SUPPLIED MATERIAL section start
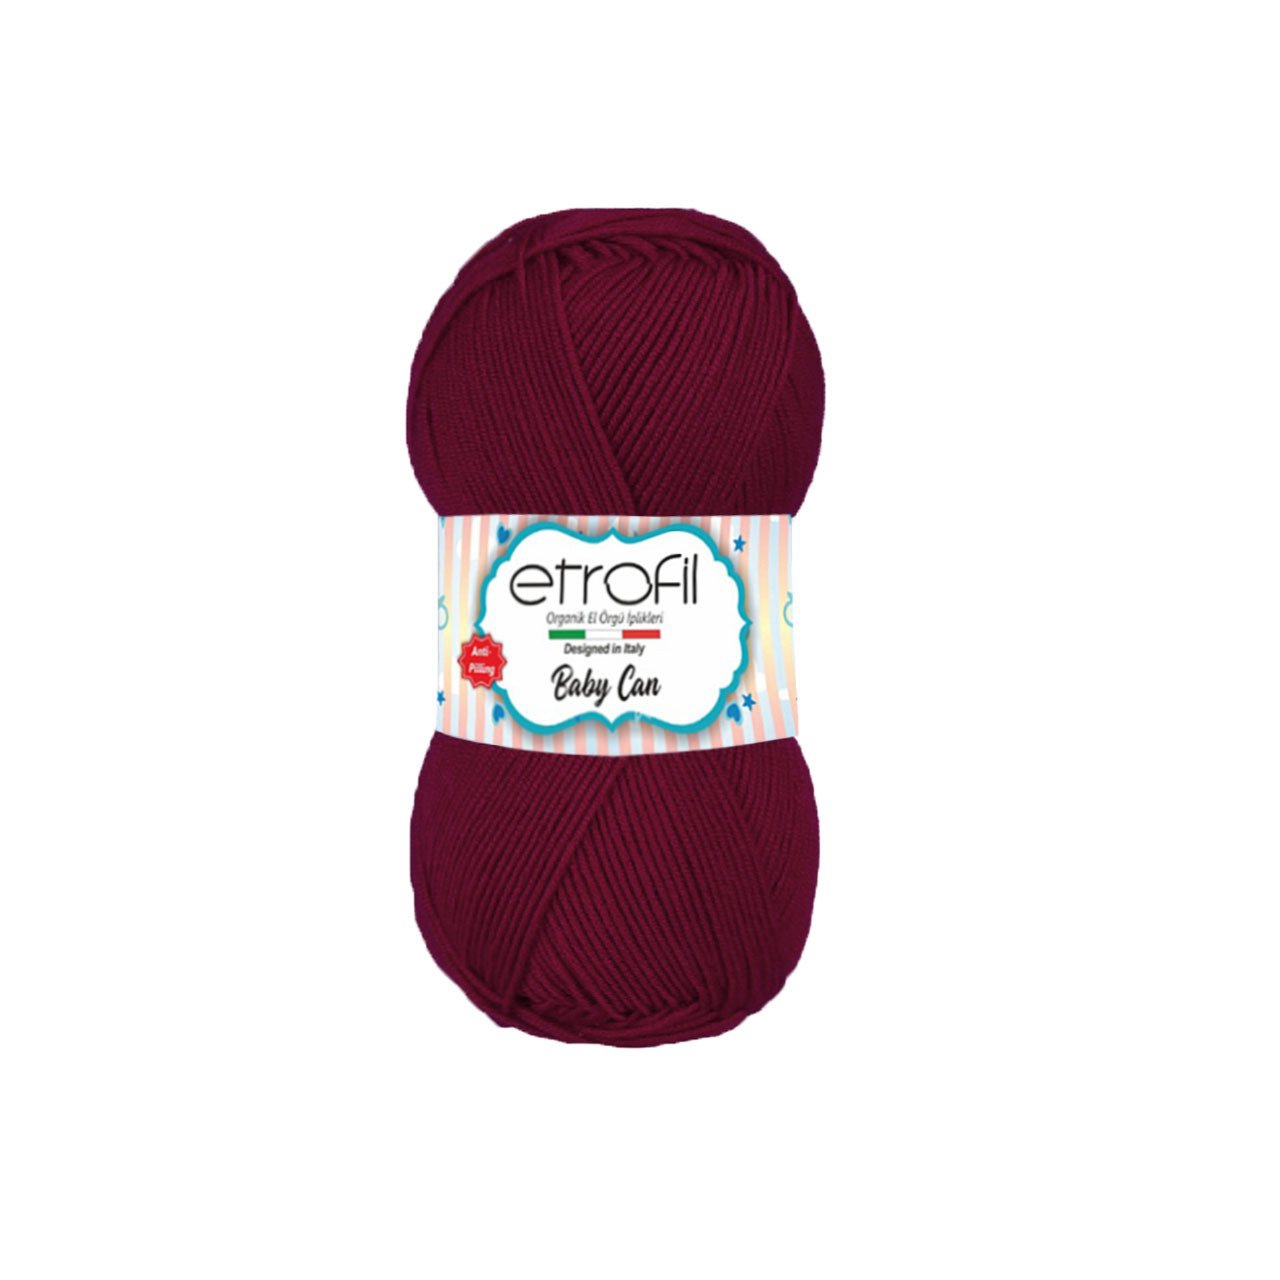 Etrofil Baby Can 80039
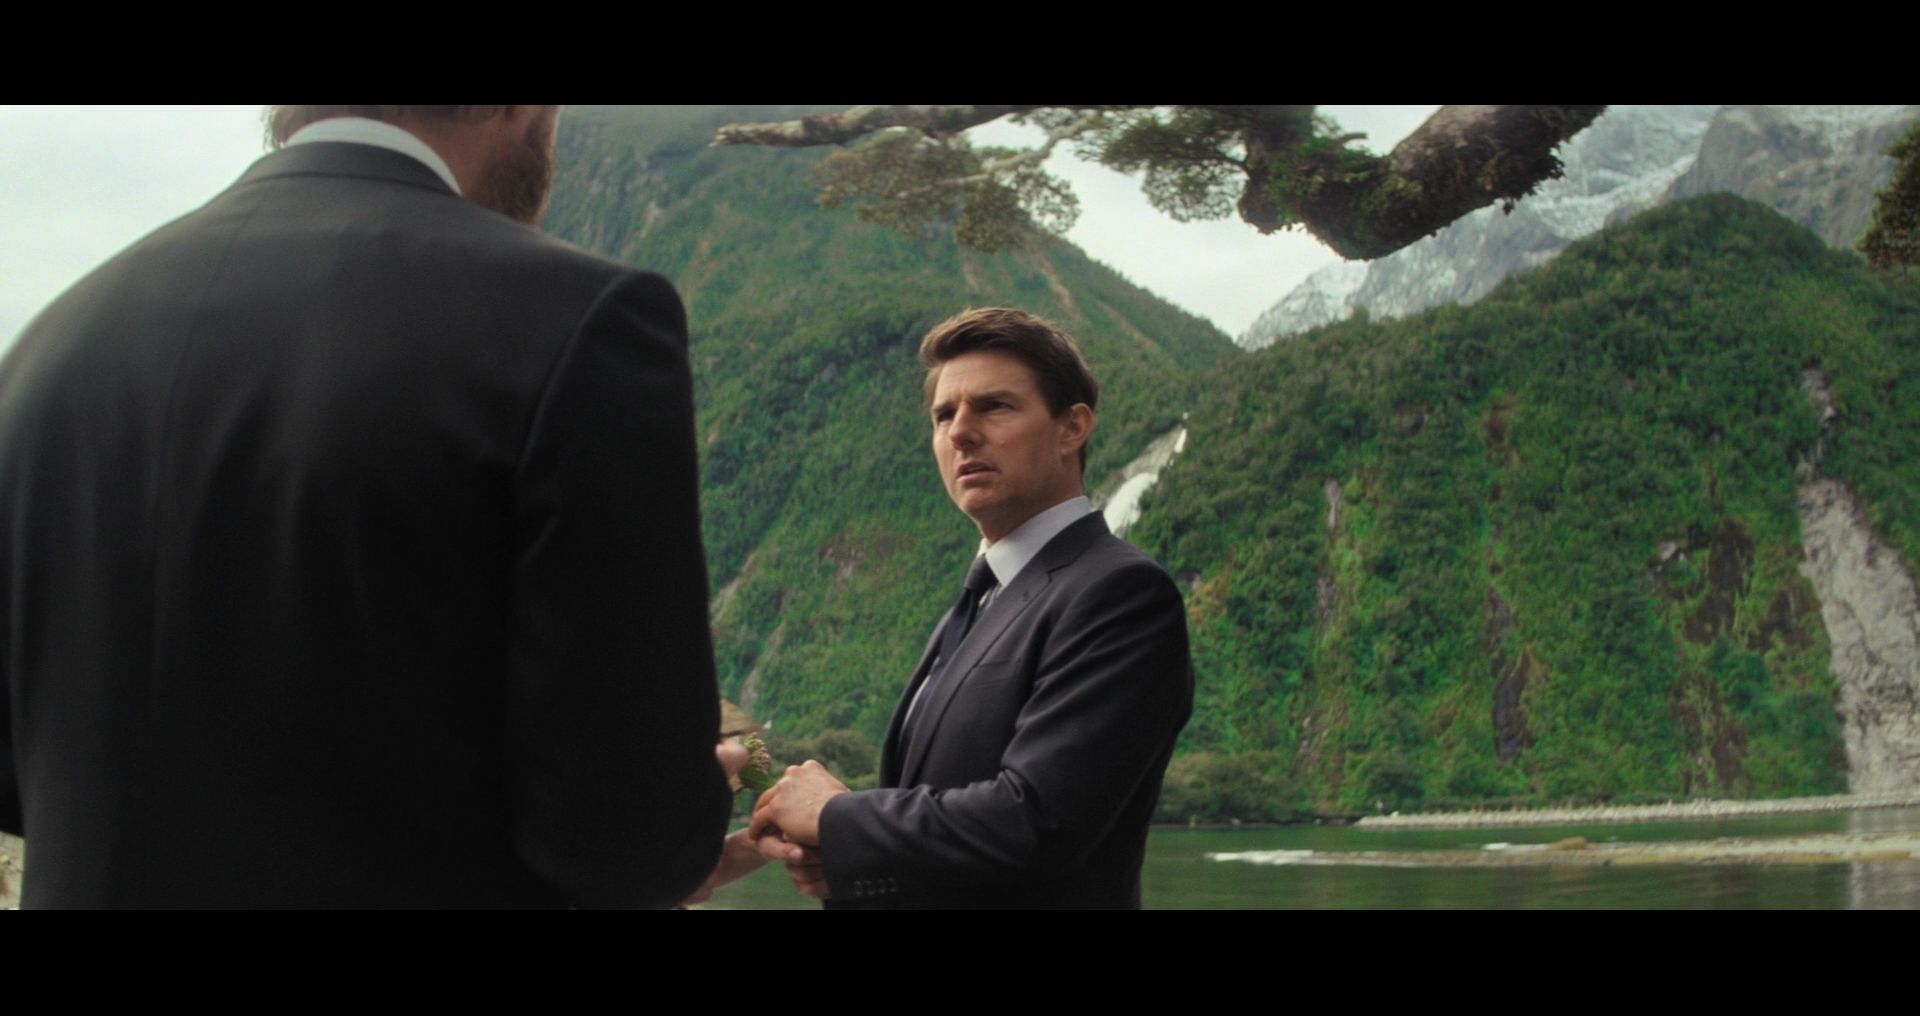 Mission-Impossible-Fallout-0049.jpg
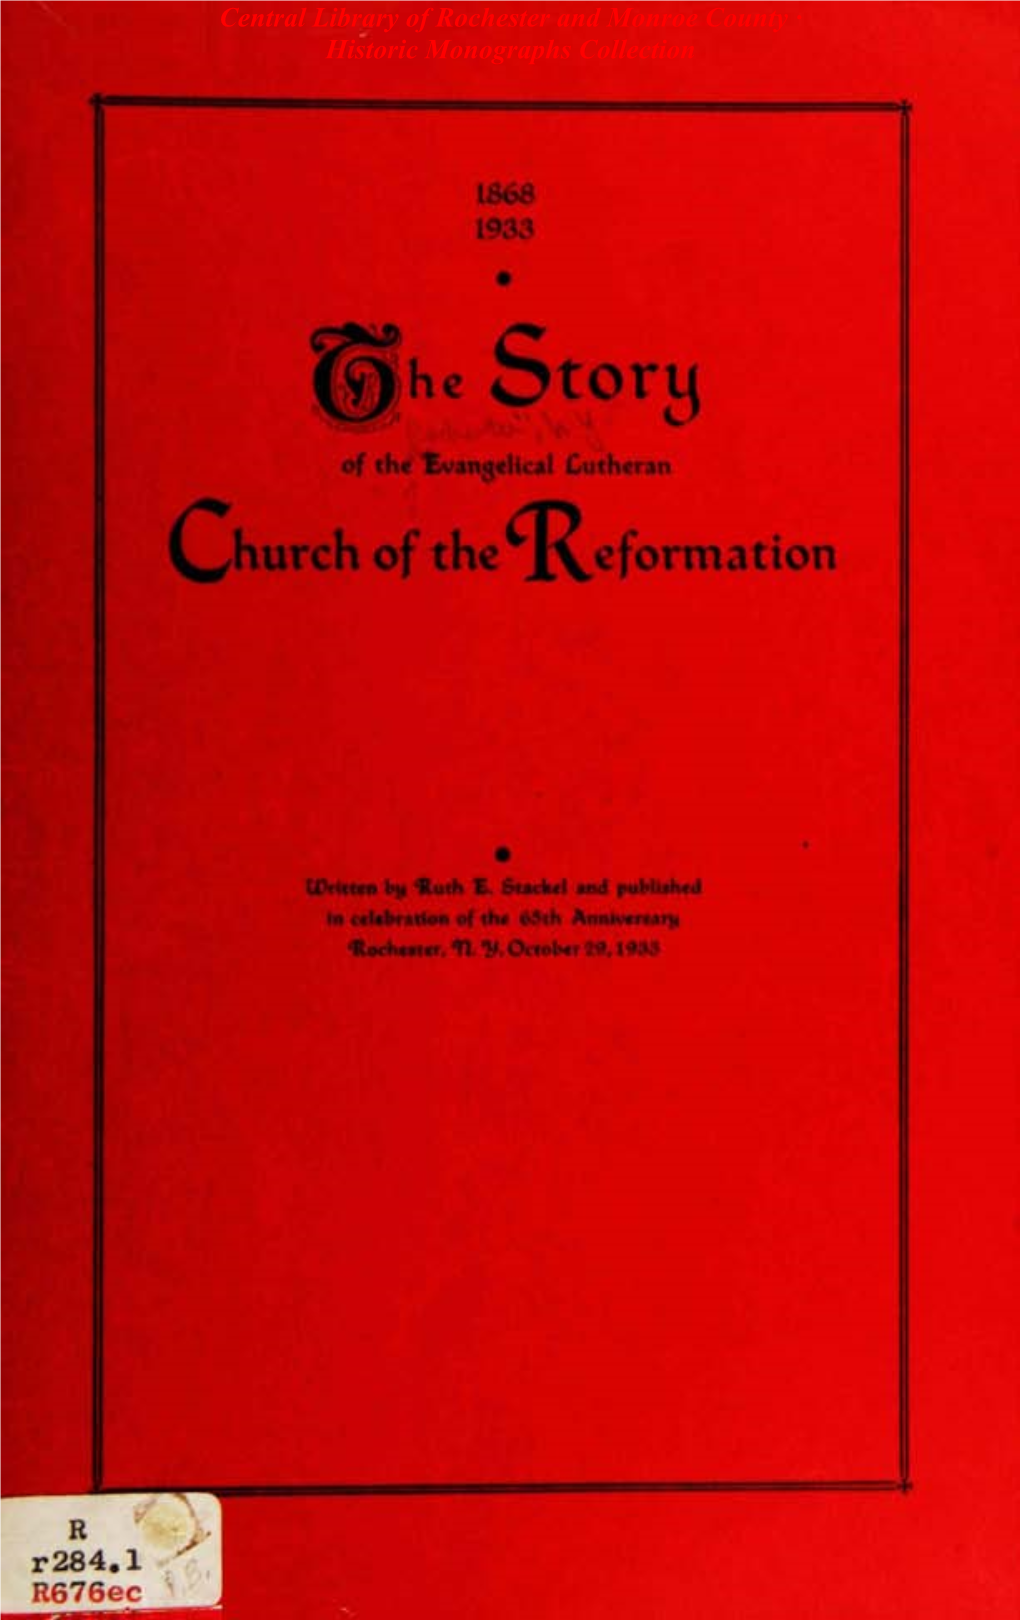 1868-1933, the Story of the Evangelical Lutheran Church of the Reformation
SUPPLIED MATERIAL section end
■ **BRIEF**
Write the data above out again exactly, every line of it, and exclude the pictures.

■ **COMPLETED TASK**
 Etrofil Baby Can 80039
 Mission-Impossible-Fallout-0049.jpg
 1868-1933, the Story of the Evangelical Lutheran Church of the Reformation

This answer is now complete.